OK, BIG NEWS
My Memoir: Choices, Changes & Friends – 1970s After Divorce – has been sent to the publisher! If you are interested in an Early, autographed copy at a reduced price, to do a review or comment, don’t hesitate to contact me directly – firstname.lastname@example.org It is 570 pages and the discount, autographed copy is $25.00
In the radical 1970s, four-long-time, female friends – Beth, Connie, Michael and April – newly divorced with children – have no idea how their lives can change so quickly. These somewhat ordinary, Chicago suburbanite-housewives became willing participants in escapade sex, some drugs and more alcohol than needed. Their backgrounds give an idea of their need for independence. The U.S. was in quite an upheaval with protest marches of all types, but they were rarely vocal concerning the Viet Nam war, or the inequality of the sexes. They liked men, just not the ones they’d been married to, and though not fairy tale-dreamers, a little romance would be nice.

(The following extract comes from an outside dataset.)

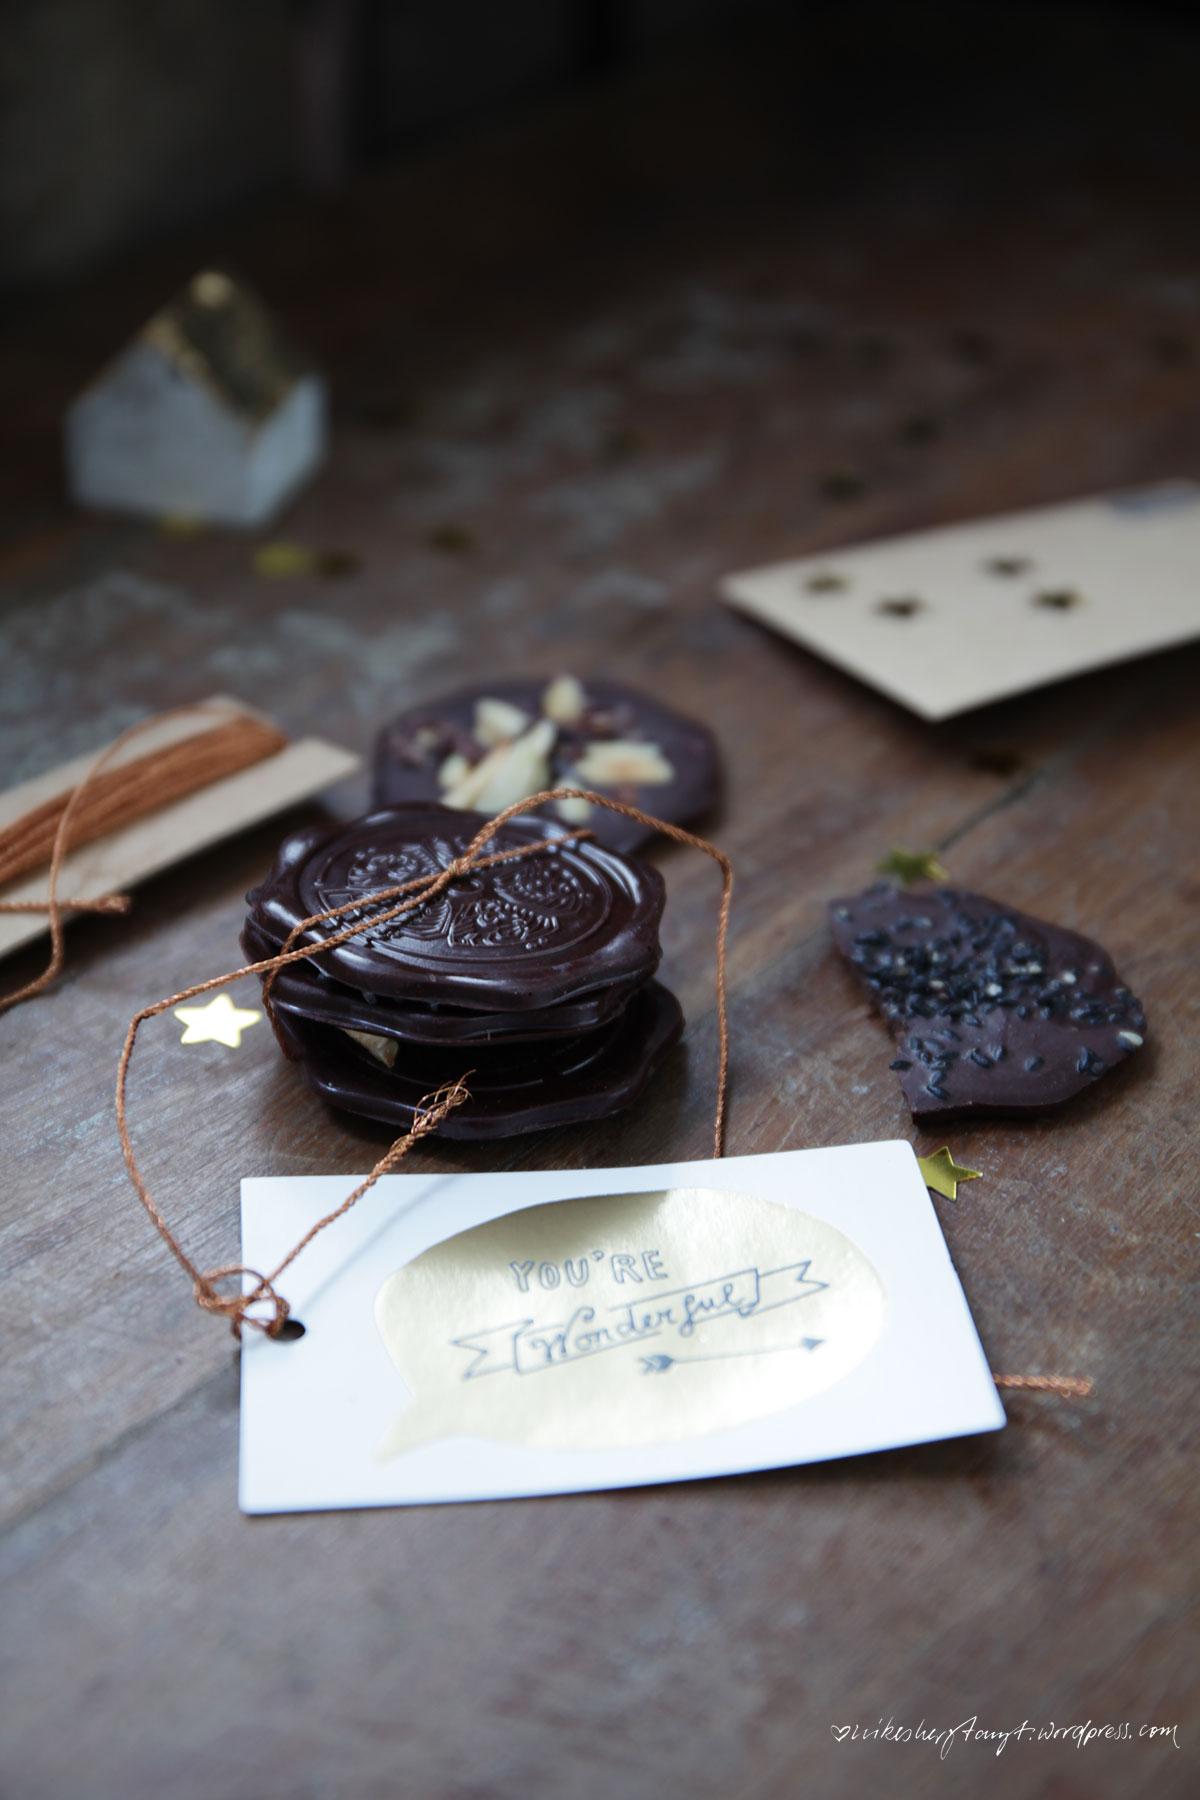 chocqlate vegane schokolade selber machen nikes herz tanzt. Black Bedroom Furniture Sets. Home Design Ideas
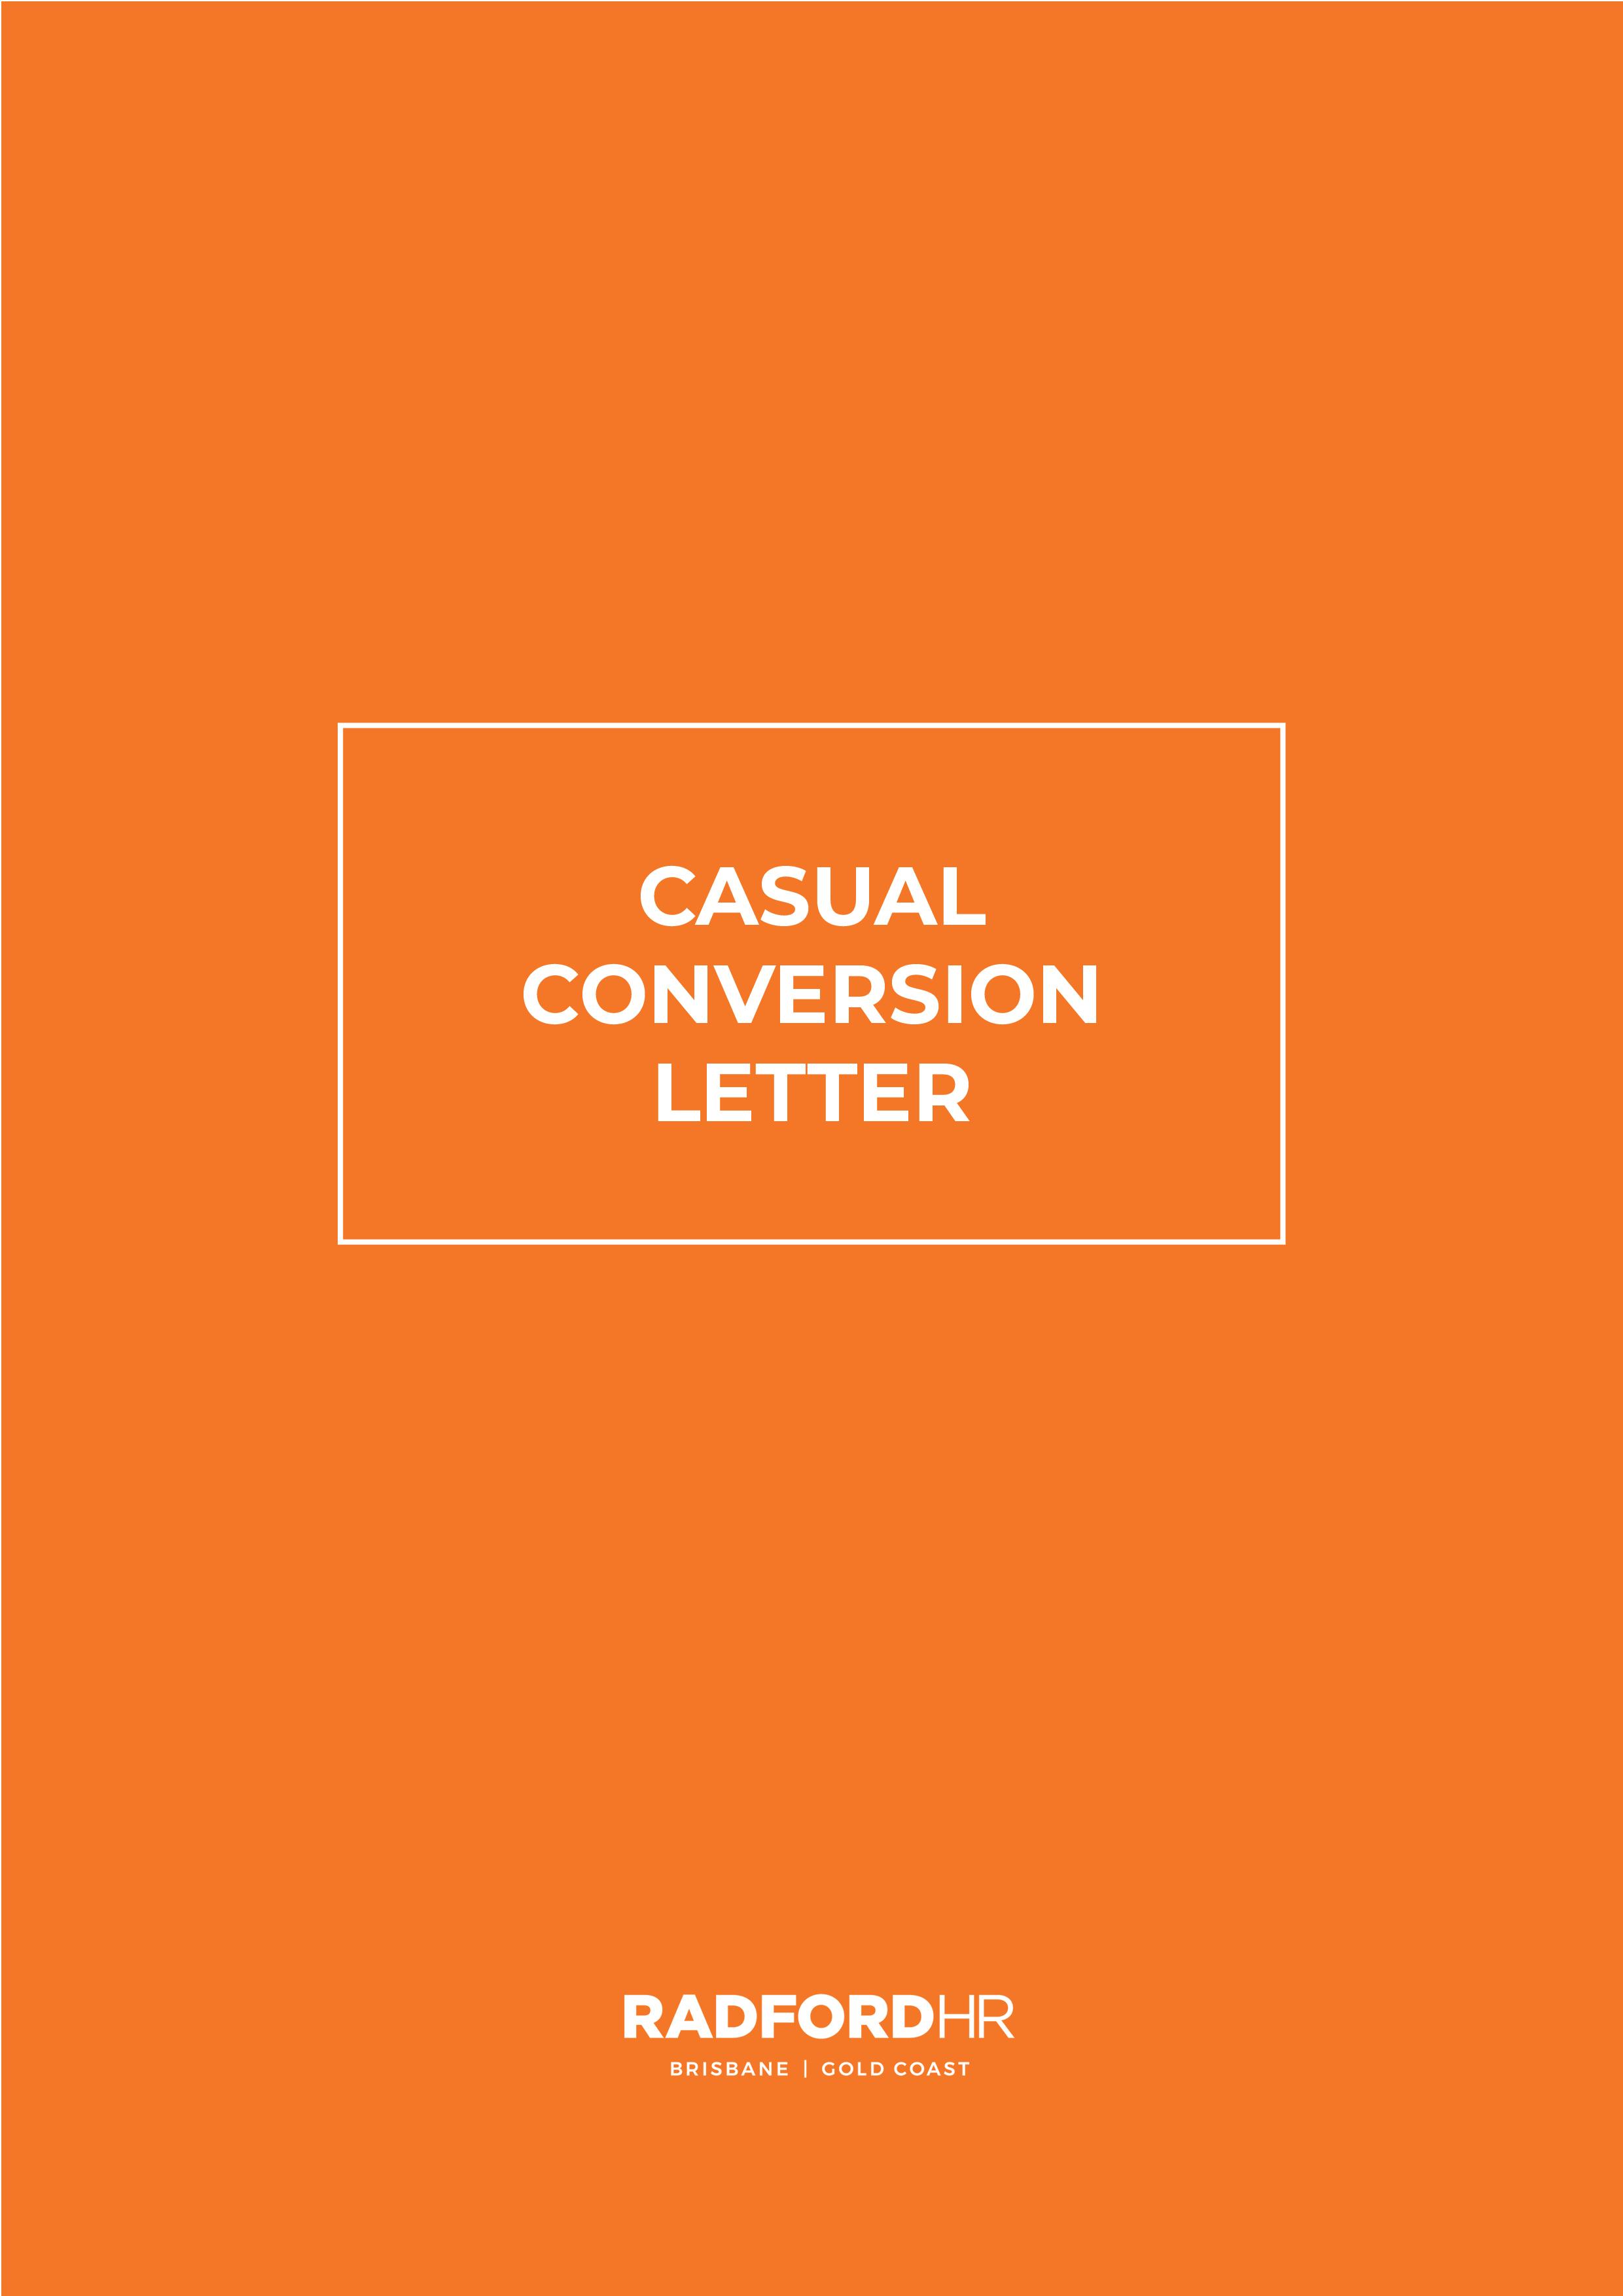 Casual Conversion Letter

These ladies endured a much lesser-known problem: truly a case of suburban-blight from television-burnout and sexually-inept/non-attentive, emotionally-abusive husbands. So, the cure was thought to be a job – get out of the house to regain some knowledge of self – whoever that was. Being up to your ankles in Cheerios, with only conversations of three-syllable sentences did become monotonous and demeaning. But a job was not the solution, it was the beginning of real awareness that PTA meetings, and exciting trips to the emergency room for your children were no longer emotionally fulfilling enough, or satisfaction for a twenty-five-year old.
Told boredom was part of marriage, and to make the best of it, but when that was no longer working, the domino-affect began. Once Connie took the ‘giant-leap of divorce for womankind,’ Beth, then April soon followed. Michael’s was the ugliest, since President of the PTA, but pregnant by her lover. They knew divorce was not easy, or any guarantee of happiness, but also learned ‘winners risk,’ as they took the gamble. None of them ever had any real control over their lives before, but they certainly wanted to try. Then, if they failed or succeeded, those were their choices and changes, as they learned divorce was not the full answer. They tried to formulate the questions about what they did want from life, for themselves and to have a good relationship. Whatever that was.
The ladies experimented dating men, not acceptable before: tried some drugs, often drank too much, but also danced their cares away. With new male-attention, they grew more brazen and confident exploring the gamut of willing men for dalliance, clandestine, some bikers, then even a ménage à trois with a famous movie star for Connie and Beth. This empowered them more than they expected – laughing and learning. They also took college classes, started a house-cleaning service, then thought about their changes, as the friendships shifted. Dilemma and decisions of children-choices, a real career and the ‘biggie’ of remarriage came up, as years rolled by. A sense of humor, wiry satire in situations, and sarcasm handled whatever hit each one.
Life separated them, when Beth and April move out of State, and then Beth overseas – still they reunited frequently. They’re definitely changed-women twenty-plus years later, who have grown so much, in so many different ways. And yet, some things do not change – like how they support each other through difficulties that would tear weaker-women apart. At times, their history together alone was the foundation that kept them moving forward through life’s harshest realities – Connie’s son’s death, Michael’s cancer, April becoming a hoarder and Beth a corporate-workaholic. Still friends, they did change their lives, and encouraged many more women around them to do the same, sharing their experiences of the wild and crazy-times of their younger years that did help them learn from life.